Глава 18

Две первые ночи они останавливались на ночлег в деревенских домах. Хольгер, опасаясь невольных оговорок и разоблачения, старался держать язык за зубами, зато сарацин говорил за двоих. Он был галантен, остроумен, весел и уделял Алидноре так много внимания, что Хольгер становился все более угрюмым и молчаливым. Он не имел на Алианору никаких прав, у него не было даже права на ревность, но отчего-то он все чаще чувствовал ее болезненные уколы.

На третий день пути они оставили позади последнее человеческое селение и провели ночь в пастушьей хижине, хозяин которой не пожалел для них целой охапки жутких историй о нравах дикарей, наводящих ужас на местное население. Еще более страшные дела творили, по его словам, тролли, изредка наведывающиеся в пределы человеческого жилья.

И вот утром они вступили на землю, населенную каннибалами. Дорога вновь повела их сквозь горы, но куда более высокие и крутые, чем те, которые лежали на востоке. Алианора сообщила, что по другую сторону этих гор нет ничего, кроме холода, тьмы и льда, и только полярное сияние освещает глубокий мрак страны, принадлежащей великанам.

Конечной целью их путешествия было плоскогорье у подножья самой высокой горной гряды. Туда было не меньше семи дней пути по земле, полной смертельных опасностей.

Тропа вела их вверх — через скалы, изуродованные лавинами и изглоданные ветрами, по острым, как бритва, камням, вдоль ущелий, никогда не видевших солнца. Леса остались внизу, а здесь было нищее царство карликовых деревьев и жесткой сухой травы. По ночам на землю падали заморозки. Солнце было здесь бледным, а звезды — огромными и колючими. Им приходилось то и дело переправляться через ледяные реки, с ревом летящие между скал. Лошади напрягали все силы, чтобы справиться с бурным течением. Только Хуги удавалось выходить из переправ сухим — его ноги едва доходили до края тюков, на которых он восседал.

Карау сразу простыл, стал чихать и сморкаться, но упорно продолжал сопровождать их.

— Когда я вернусь домой, — мечтательно говорил он, — я улягусь на солнцепеке под цветущим деревом. Музыканты будут играть мне, а наложницы — класть в рот ягоды винограда. Но буду, конечно, заниматься и физическими упражнениями, чтобы сохранить форму — два раза в день крутить ручную мельницу и молоть кофе; А когда через несколько месяцев мне наскучит такая жизнь, я отправлюсь в новое странствие — далеко-далеко, в кофейню на другой улице.
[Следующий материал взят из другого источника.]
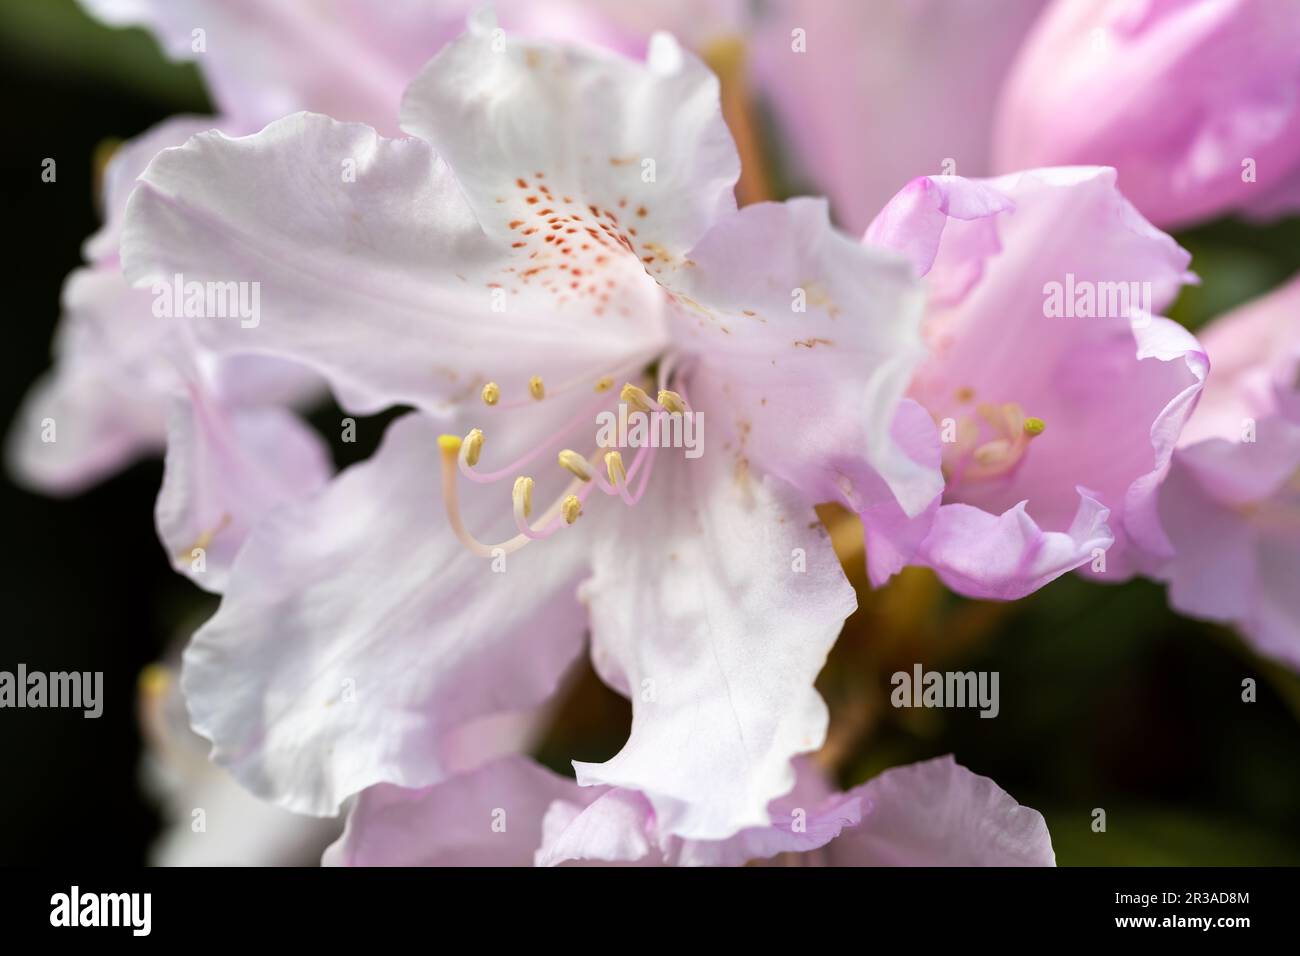 Closeup of pink and white Rhododendron flower petals. Stock Photo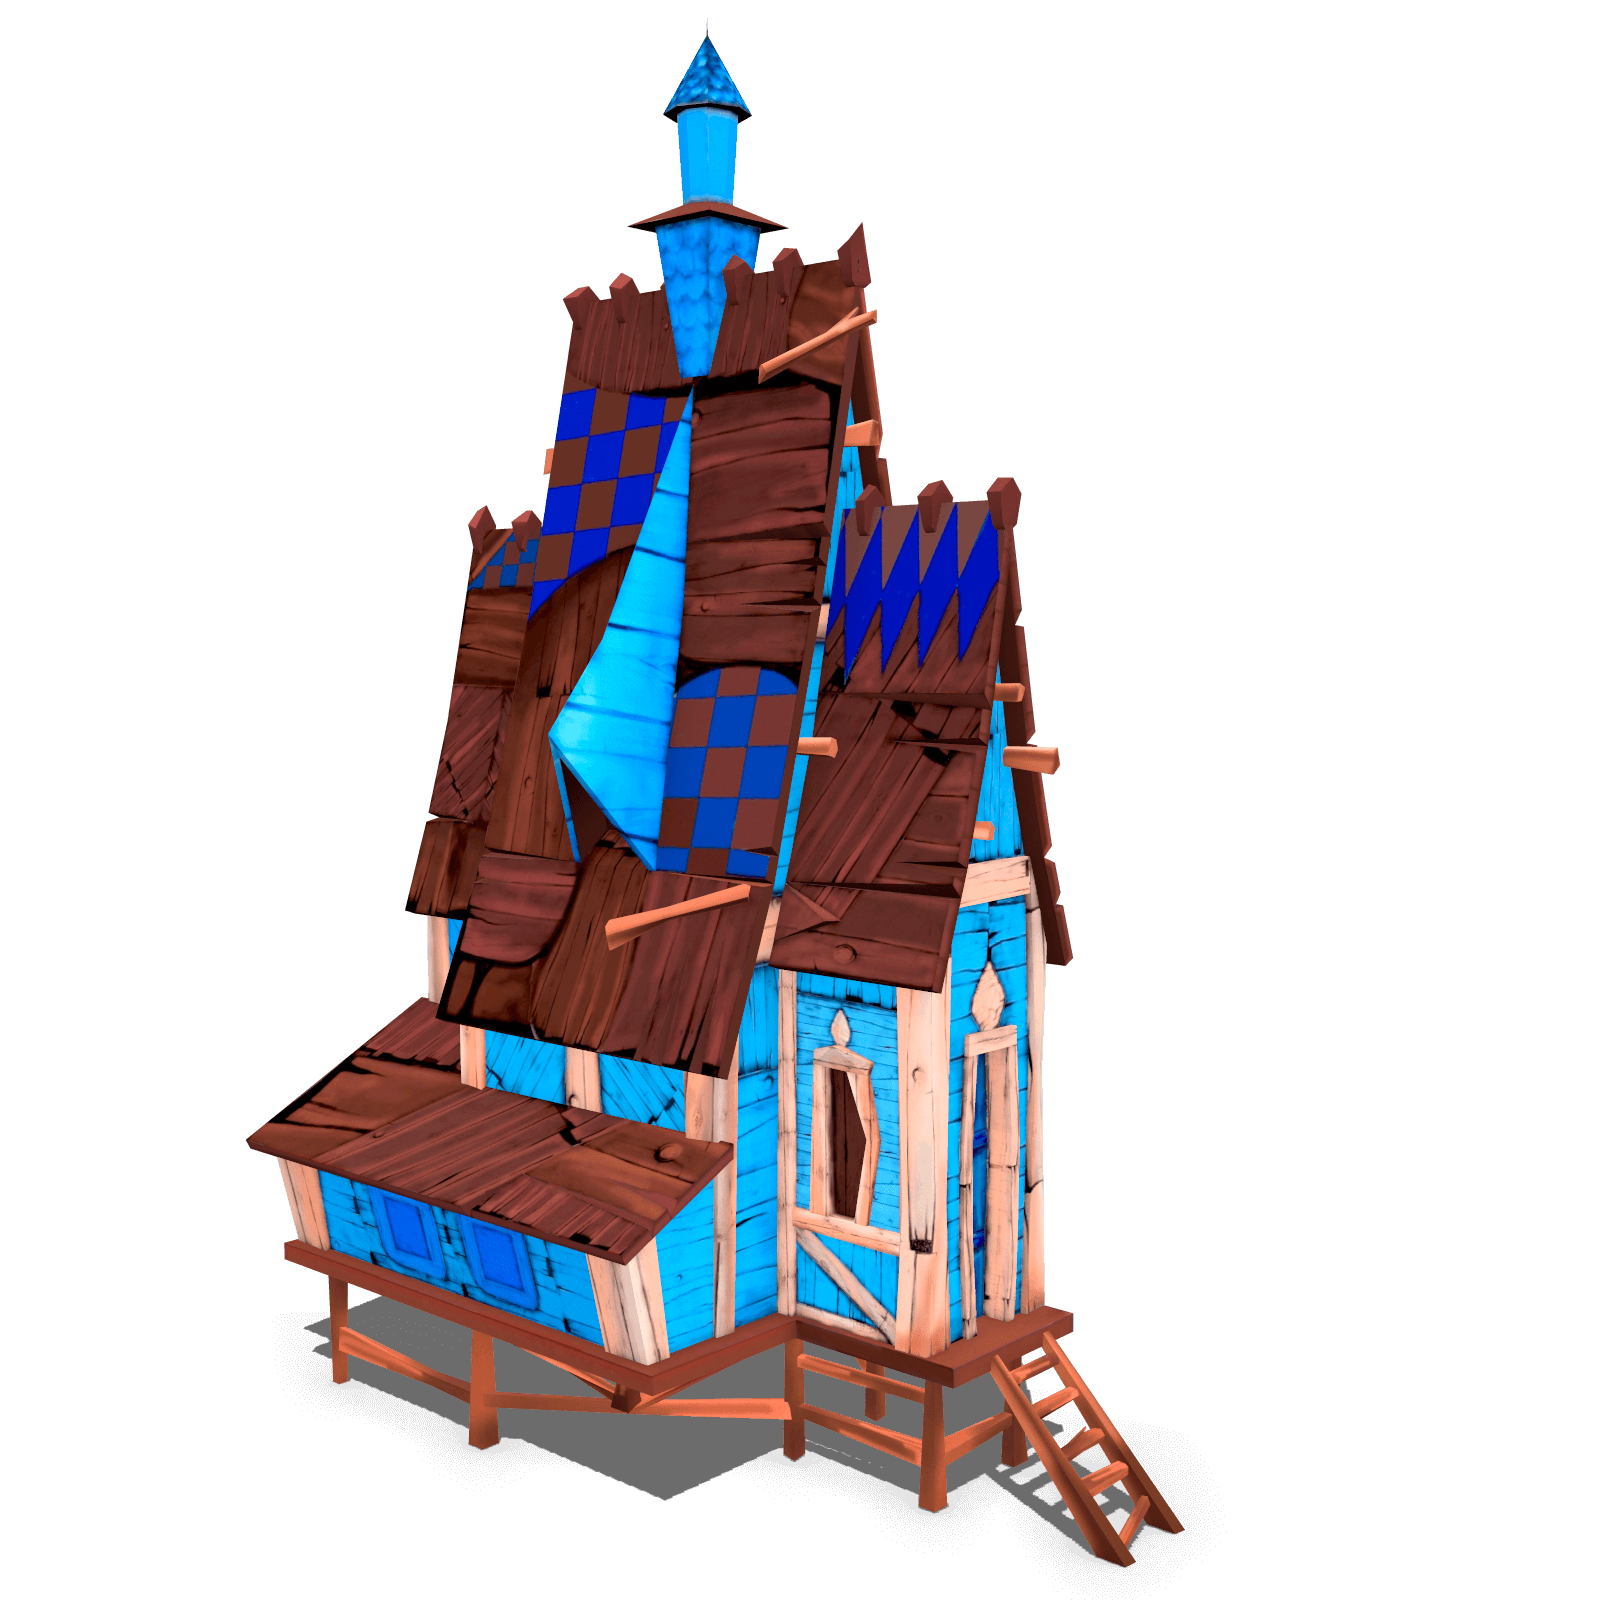 Low Poly Stylized Wooden House - LowlyPoly

— Кофе… — вздохнул Хольгер. У него уже вышел даже табак.

Время от времени Алианора превращалась в лебедя и улетала вперед, чтобы разведать путь. На четвертый день, когда она в очередной раз поднялась в воздух, Карау взглянул на Хольгера и сказал с необычной для него серьезностью:

— Несмотря на своеобразие ее одеяния, редко встретишь подобную красавицу.

— Я тоже так думаю, — согласился Хольгер.

— Прости мою дерзость, но Господь дал мне глаза, чтобы видеть. Она не принадлежит тебе, не так ли?

— Нет.

— С твоей стороны это просто глупость.

— Тб же самое и я говорю ему, — вмешался карлик. — Пречудное это изобретение — рыцарь. Обойдет всю землю, чтобы деву спасти, а после не знает, что ему с ней творить. Разве что отвезет ее домой да, набравшись смелости, упадет на колени, чтобы выпросить ленточку на рукав. Просто диво, что рыцари до сих пор еще все не повымирали.

В тот день Алианора вернулась к вечеру.

— Я видела церковь, — сообщила она. — Правда, издалека. На пути к ней два варварских поселения, а вокруг каждого — колья с человеческими черепами. Они там суетятся и возятся — похоже, что собираются в поход. — Она помолчала. — Я высмотрела дорогу для нас — вон через тот перевал. Там нет поселков, может быть, потому, что где-то в пещере обитает тролль. Но охотников мы повстречать можем. А они могут привести других.

Карау взял ее за руку.

— Если дело примет плохой оборот, — хмуро сказал он, — ты должна улетать не задумываясь. Мир обойдется без нас, но станет таким невеселым, если потеряет ту, которая его озаряет.

Она задумчиво покачала головой, но не сразу убрала руку. «Этот тип, — разозлился Хольгер, — просто профессионал!» Что он мог противопоставить цветистому красноречию сарацина? Чувствуя себя глубоко несчастным, Хольгер пришпорил коня и ускакал вперед. Вряд ли он сможет долго терпеть эти приемчики, хотя нельзя сказать, что Карау ловит рыбку в его пруду. Но должен же он, черт побери, знать место и время! А Алианора? Хороша, нечего сказать! Или она ничего не понимает? Дитя леса, святая простота? Самые избитые банальности и грубейшую лесть она принимает за глубокий ум и высокие чувства. Нет, Карау не должен так играть с невинным созданием. Кроме того, в таком сложном и опасном походе… Черт бы их всех побрал!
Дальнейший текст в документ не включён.